Проявляя трогательную заботу о благополучии своих солдат, он и мысли не допускал о том, что, если он покинет свой пост, его место будет занято другим, кто будет таким же «чутким и заботливым». Все более громким голосом, полным гордости и морального удовлетворения, Олендорф добавил: «Несмотря ни на что, я считал это своим долгом и продолжаю думать сегодня, что это понятие долга является более высоким, чем дешевые аплодисменты, которые мог бы заслужить, если бы в то время предал своих людей, прикрывшись несуществующей болезнью».

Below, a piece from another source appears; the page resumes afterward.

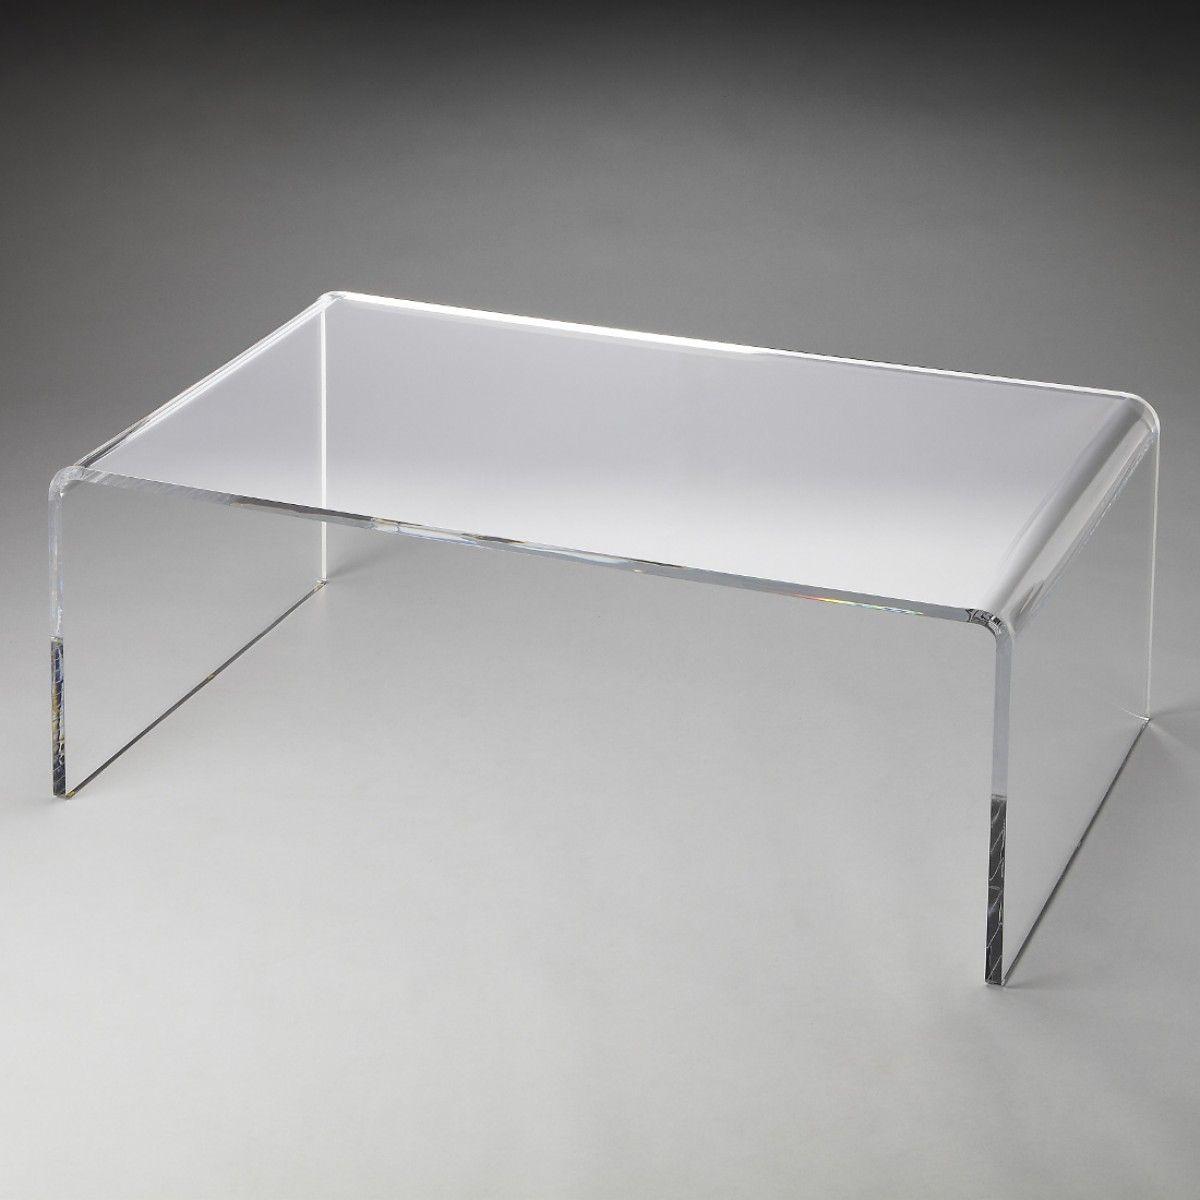 Butler Loft Crystal Clear Acrylic Cocktail Table With

Позже, на следующем допросе, Олендорф признался, что еще до суда он предвидел, что его могут спросить, почему он не стал прятаться, симулировав болезнь, для того чтобы избежать выполнения того, что, по его собственным словам, он не хотел делать. Поэтому ответ был у него готов заранее. Но каким бы проницательным ни был Олендорф, это не спасло его от необходимости сделать еще более убийственное признание в момент, когда он не ожидал обвиняющего вопроса. Если его совесть действительно беспокоили факты убийств безоружных людей, у него были возможности другим способом избежать работы убийцы, не симулируя болезнь. Его эйнзатцгруппа действовала в зоне ответственности немецкой 11-й армии, с командованием которой он имел указание сотрудничать. Похоже, командующий армией был не такого высокого мнения об офицерах СС, так как позднее между ним и Олендорфом возникли трения. Олендорф рассказывает об этих разногласиях так: «Меня вызвали к начальнику штаба полковнику Велеру. Он принял меня со словами, что, если взаимодействие между армией и моими людьми не улучшится, он будет ходатайствовать, чтобы меня отозвали в Берлин».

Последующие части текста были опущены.